### Brief
Your reply should contain the whole listing below, repeated exactly, and no images.

### Data excerpt

***

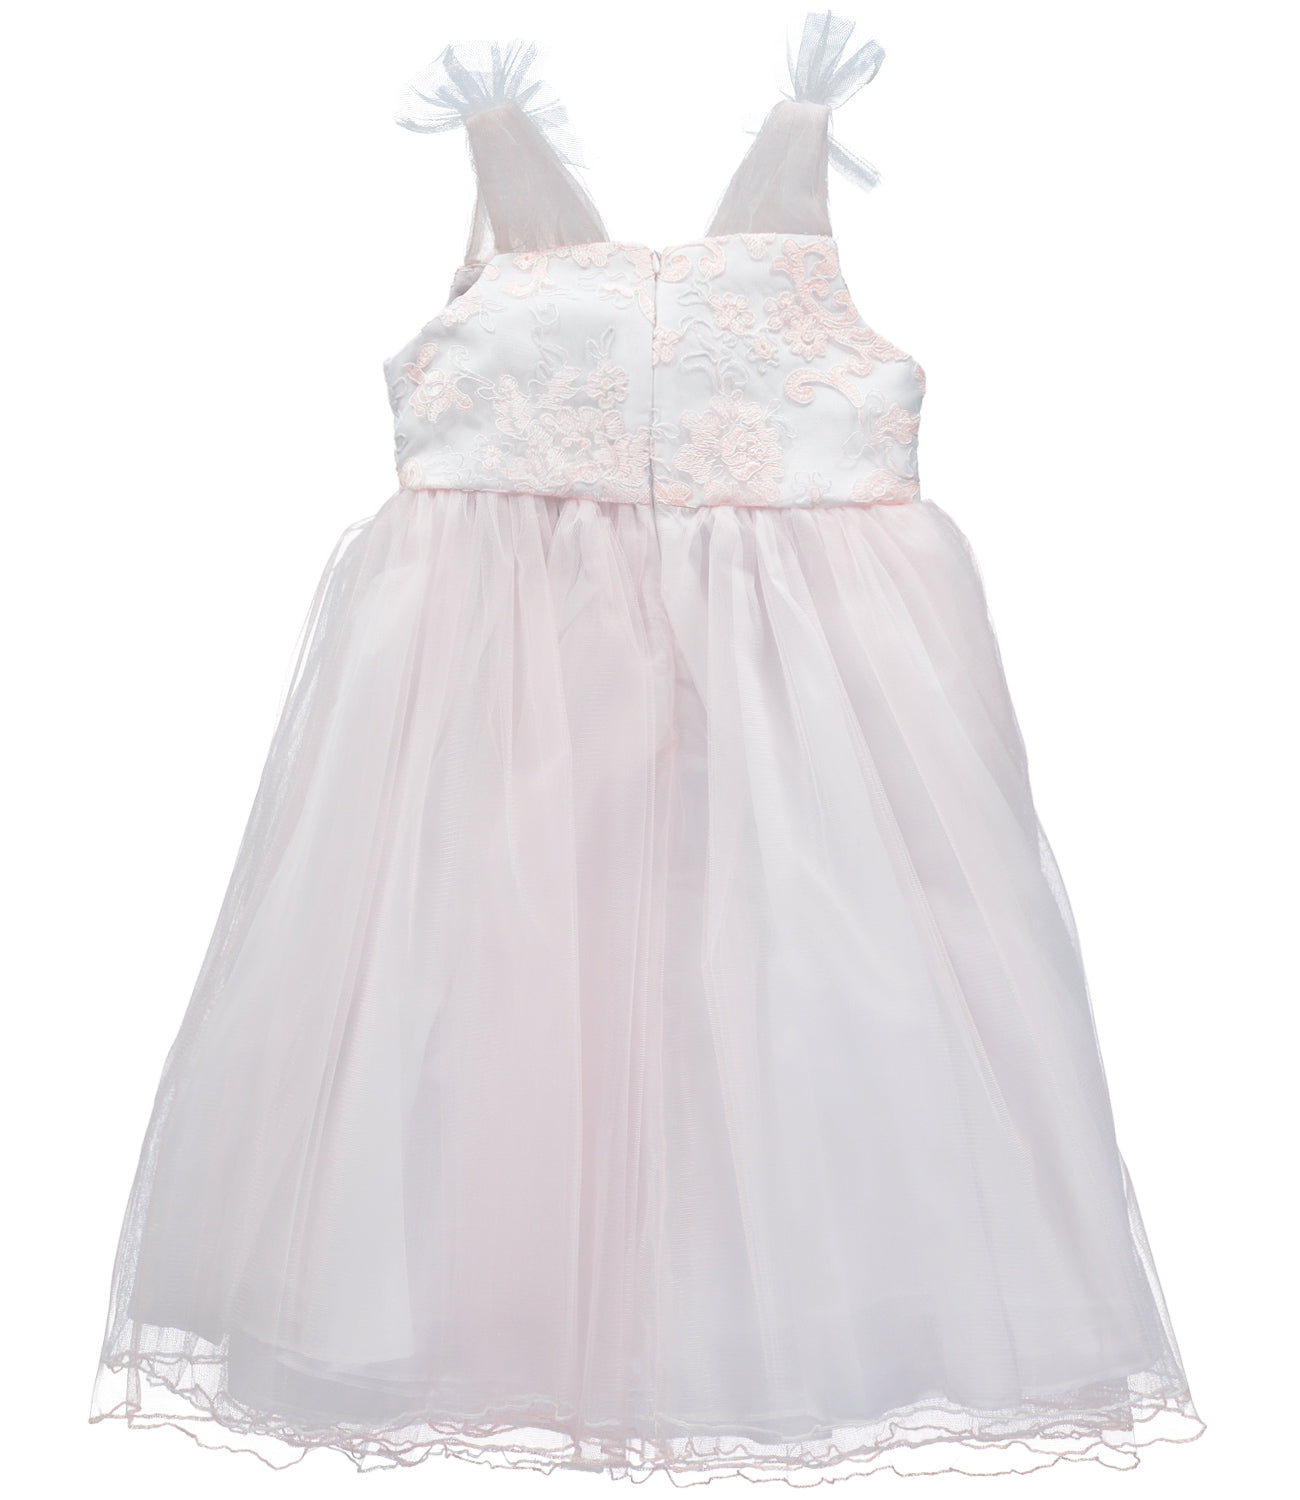 Bonnie Jean Girls 7-16 Embroidered Pearl Accented Tulle Dress
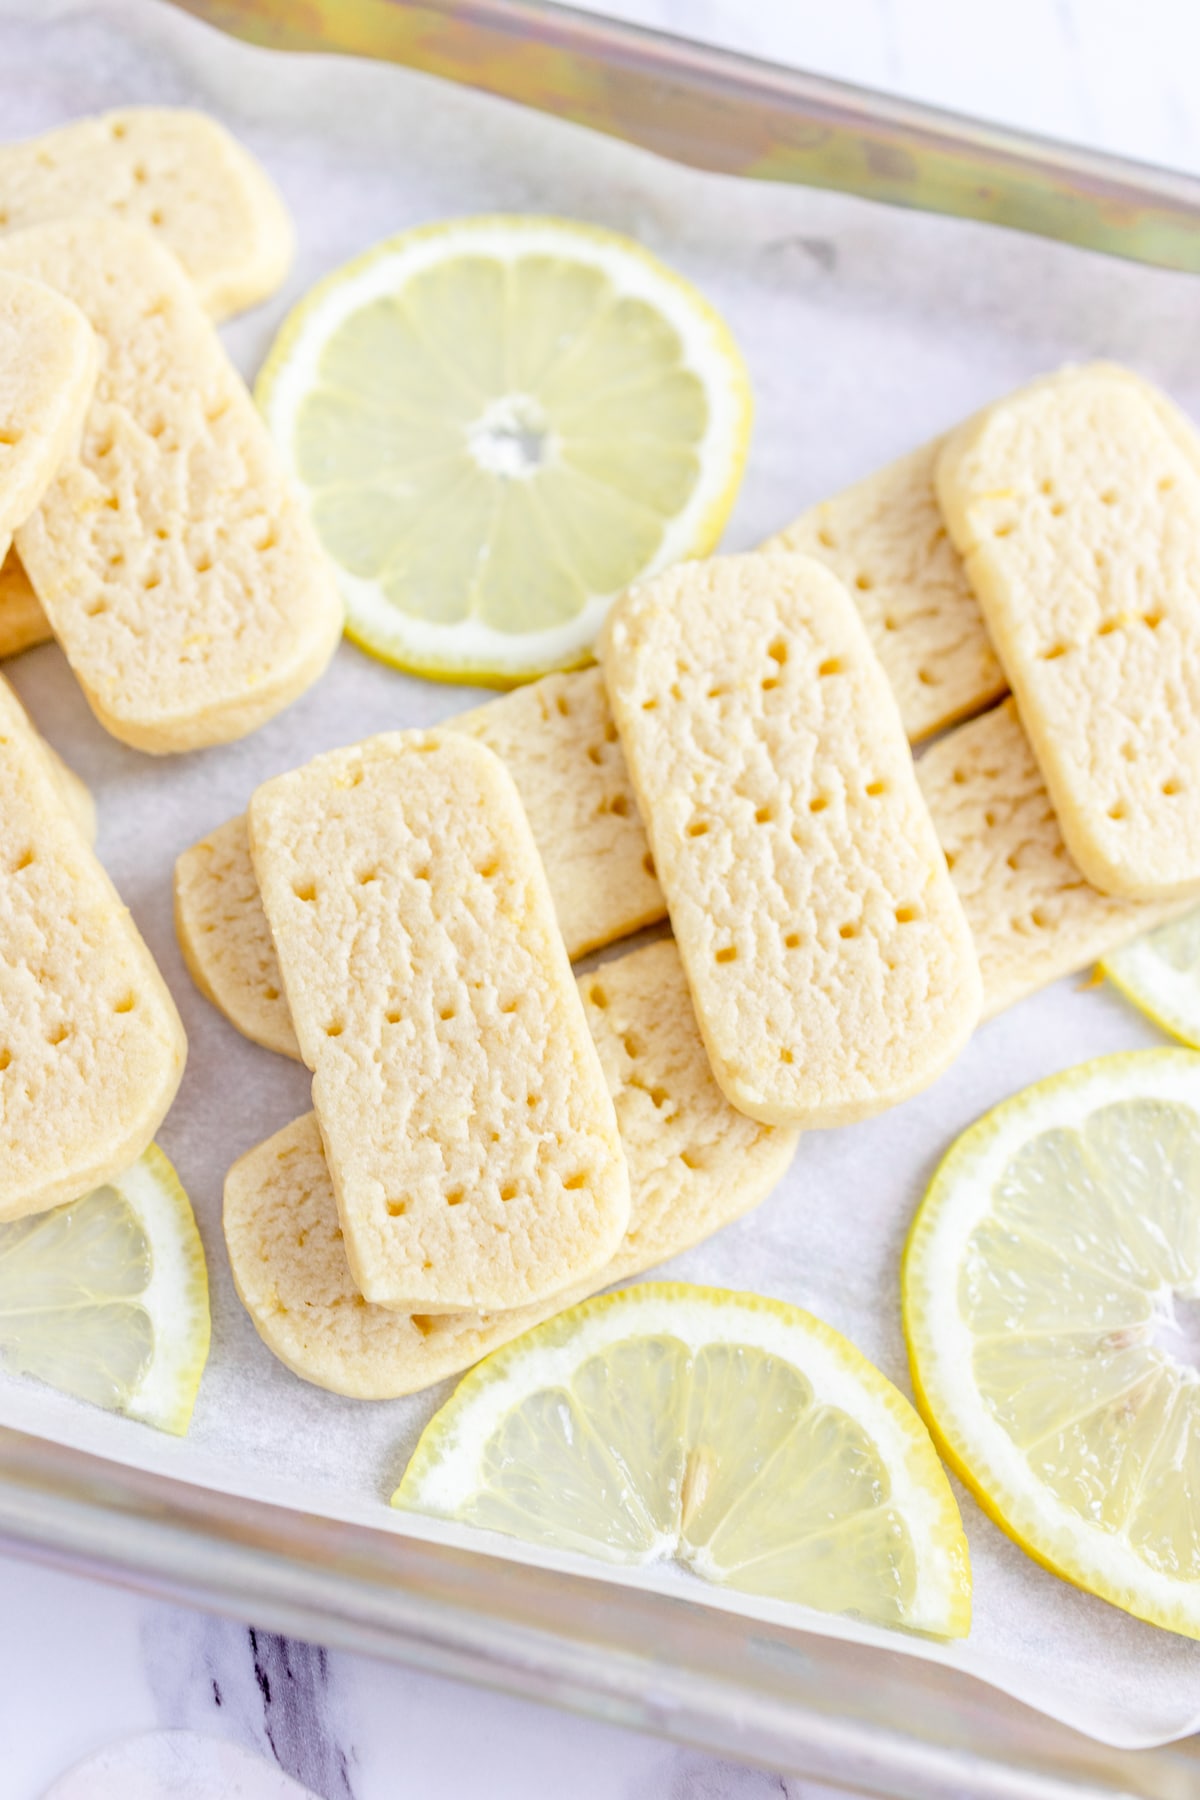 Top view of Shortbread Cookies on a baking tray surrounded by slices of fresh lemon.
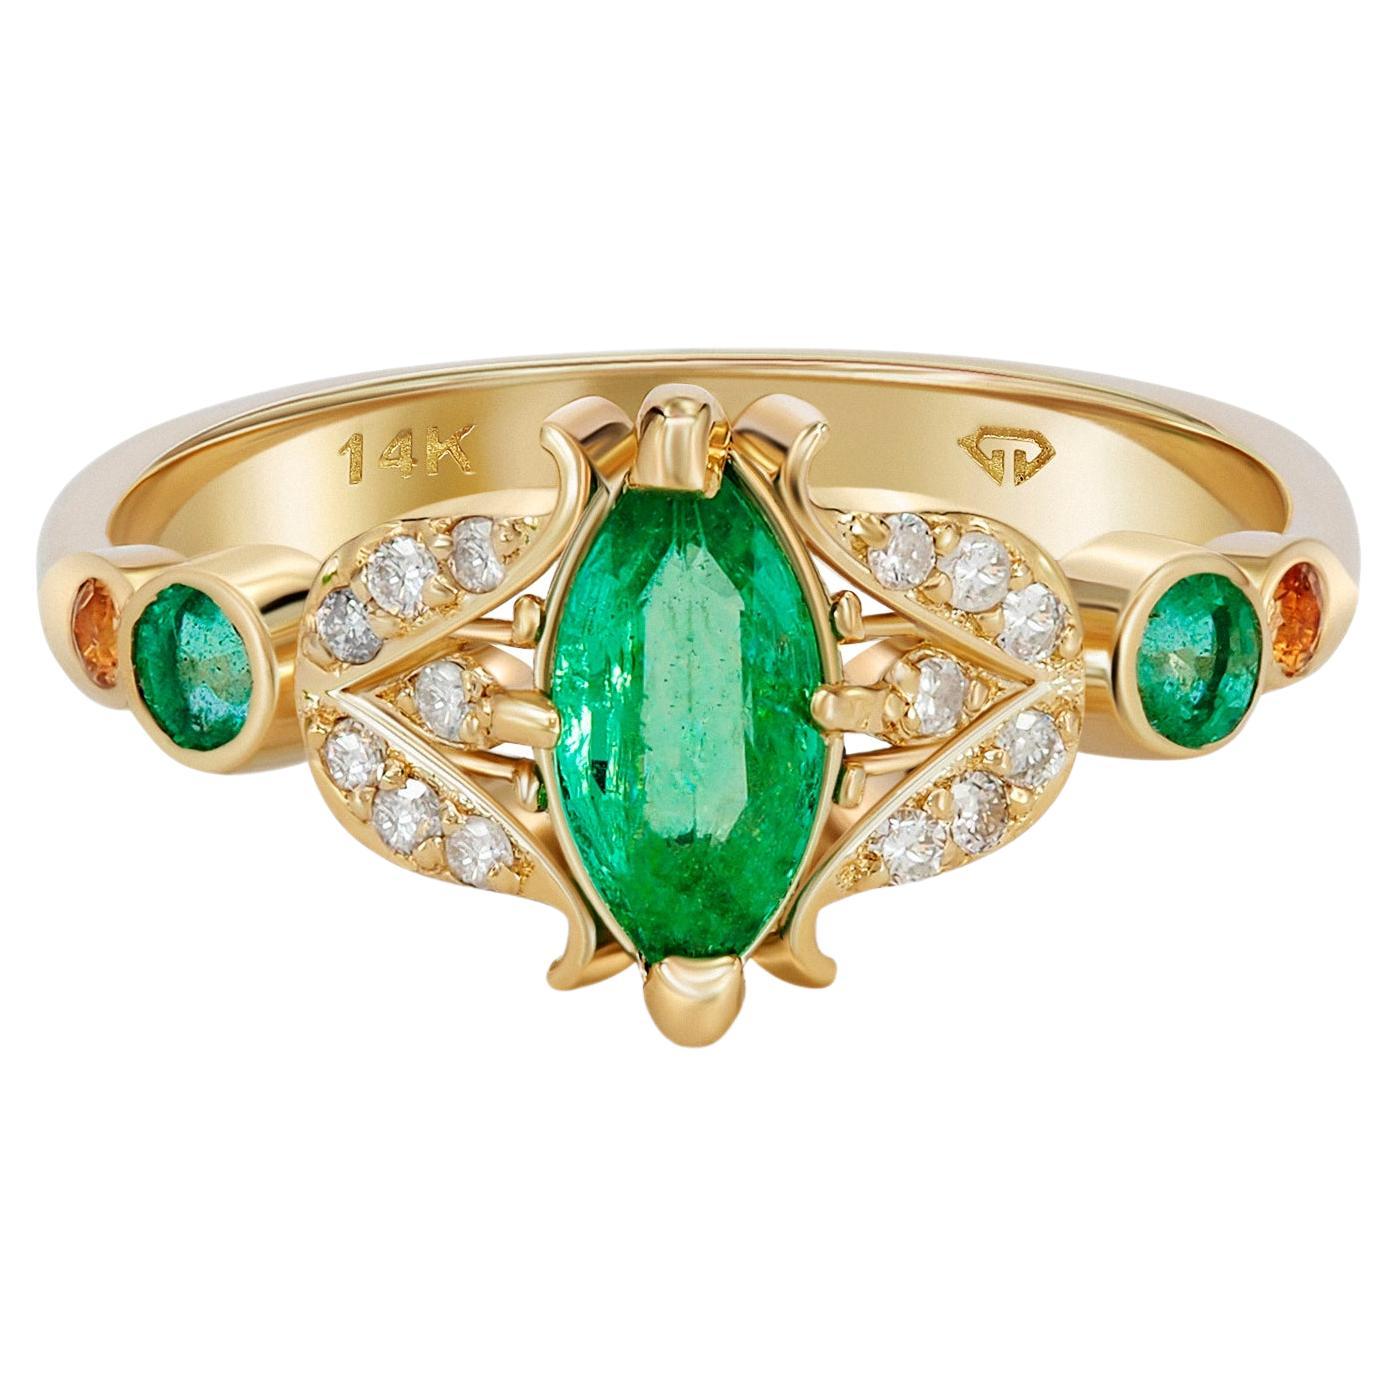 Vintage ring with emerald.

***

### Task response
 Bonnie Jean Girls 7-16 Embroidered Pearl Accented Tulle Dress
 Top view of Shortbread Cookies on a baking tray surrounded by slices of fresh lemon.
 Vintage ring with emerald.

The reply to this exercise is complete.